UK inflation experienced an unexpected decrease to 2.8 percent in February, providing a boost to Chancellor Rachel Reeves as she prepares to present a pivotal Spring Statement. The annual increase in consumer prices, announced by the Office for National Statistics on Wednesday, fell short of the 2.9 percent predicted by economists surveyed by Reuters and lower than the 3 percent recorded in January.
The decline in inflation was primarily influenced by a reduction in clothing prices, which decreased by 0.6 percent over the 12 months leading to February. This development occurs as Reeves is set to propose over £10 billion in spending cuts aimed at addressing a deficit in public finances that has resulted from slow economic growth and rising borrowing costs.

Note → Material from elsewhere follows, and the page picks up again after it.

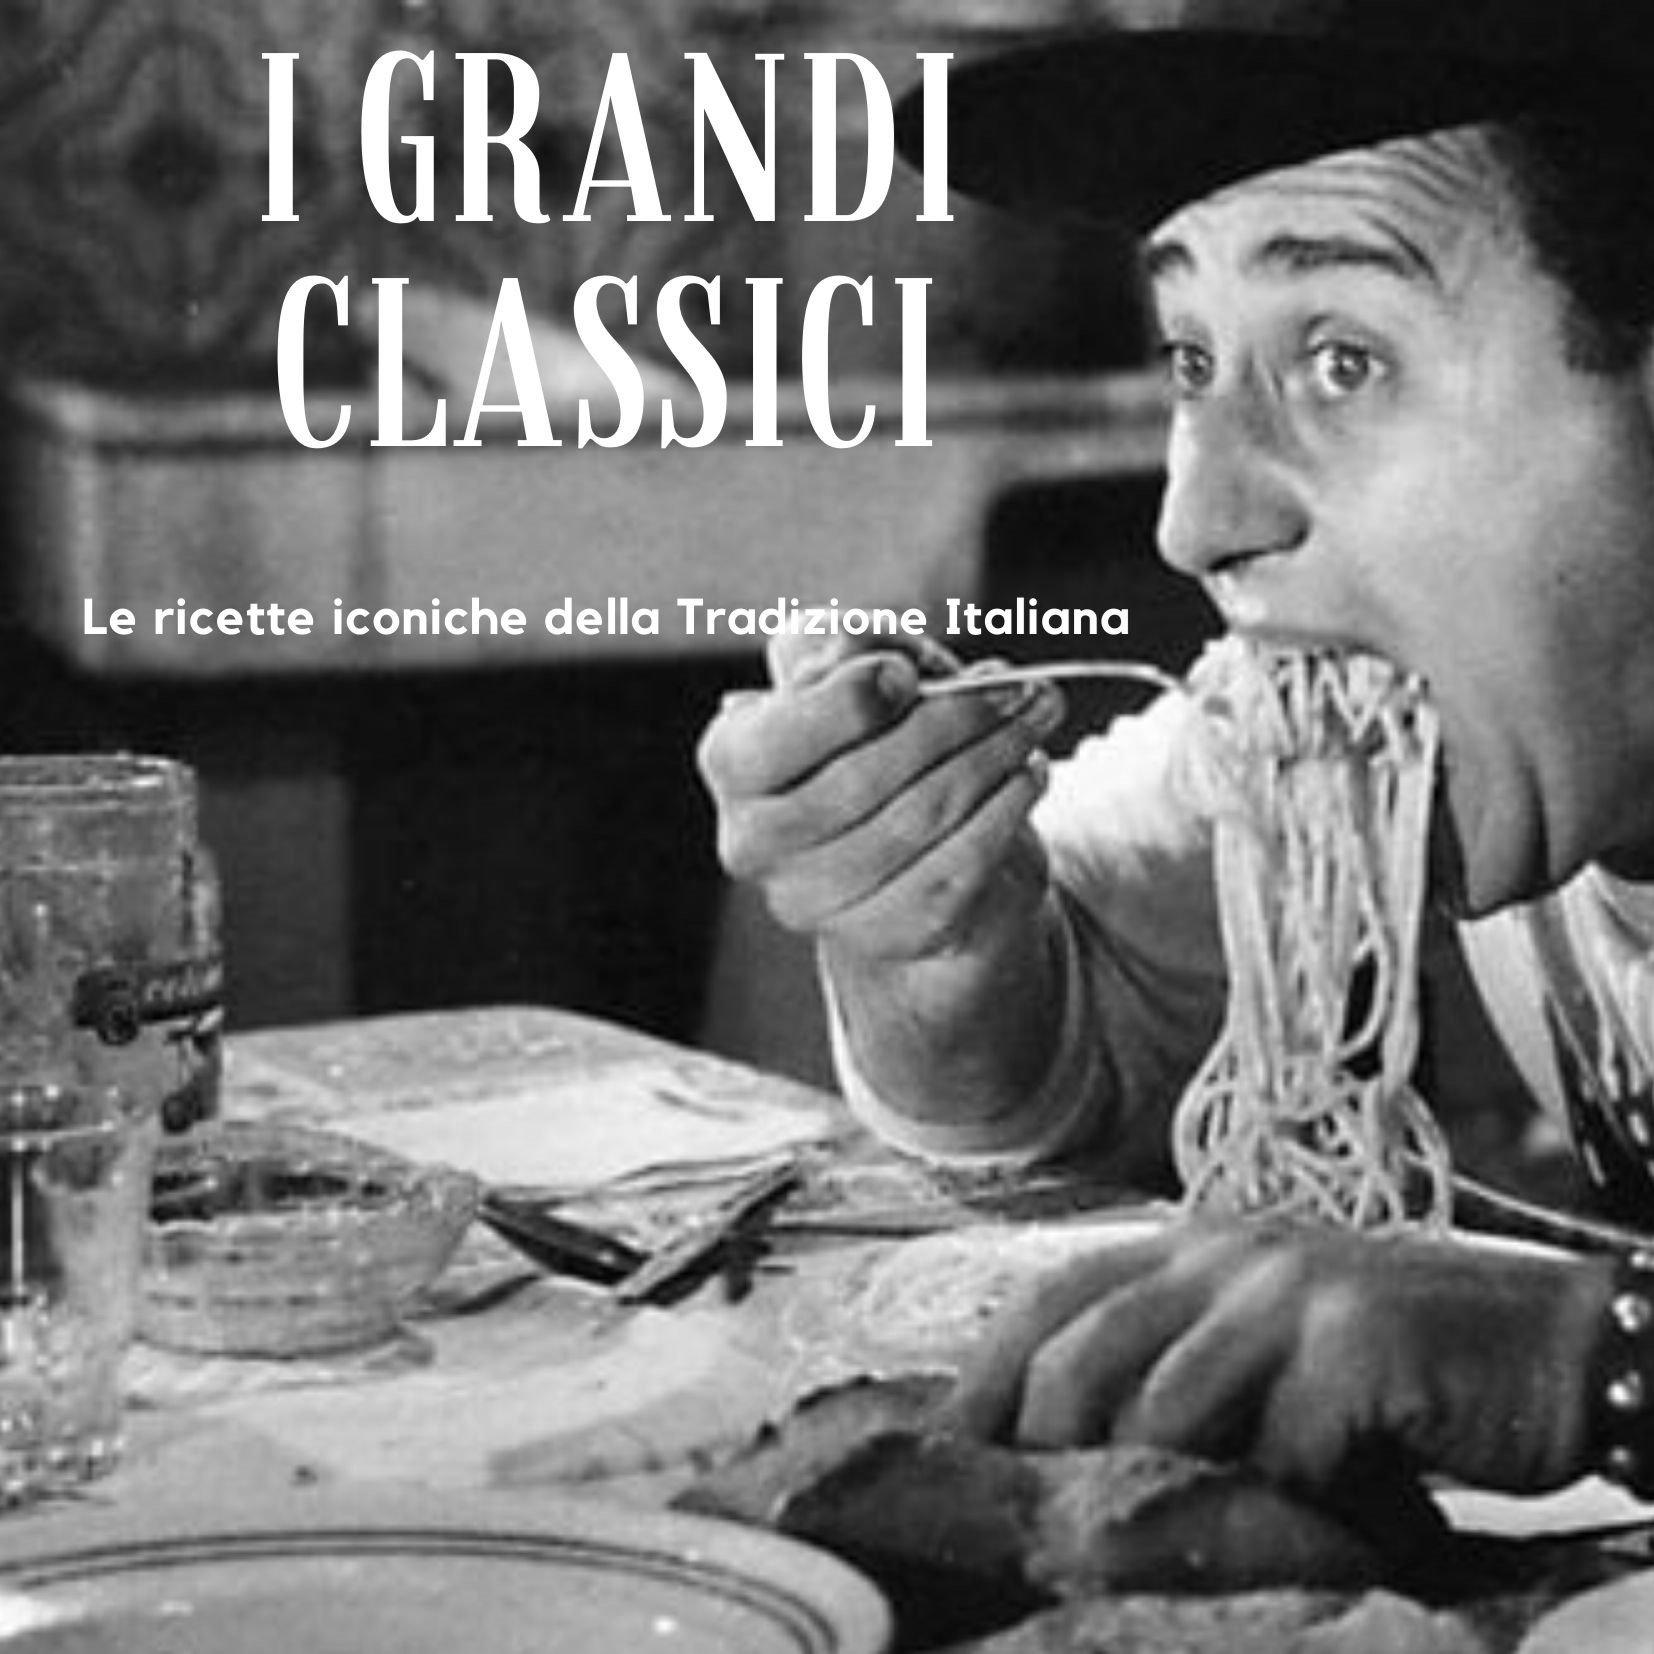 I Grandi Classici - Masterclass dedicate alle ricette iconiche della Tradizione Italiana

Ongoing price pressures have led the Bank of England to adopt a “gradual” approach to reducing interest rates, despite the sluggish economic growth. Last week, the central bank maintained rates at 4.5 percent. According to the ONS, services inflation, an essential indicator of underlying price pressures for policymakers, remained steady at 5 percent in February. Economists had anticipated a slight decrease to 4.9 percent.
Joe Nellis, an economic adviser at the accountancy firm MHA, noted that the decline in headline inflation was “a welcome surprise for the government ahead of the Spring Statement.” However, he indicated that this drop is unlikely to reverse the Bank of England’s recent cautious strategy toward cutting rates. Following the data release, the pound weakened by 0.2 percent to $1.292.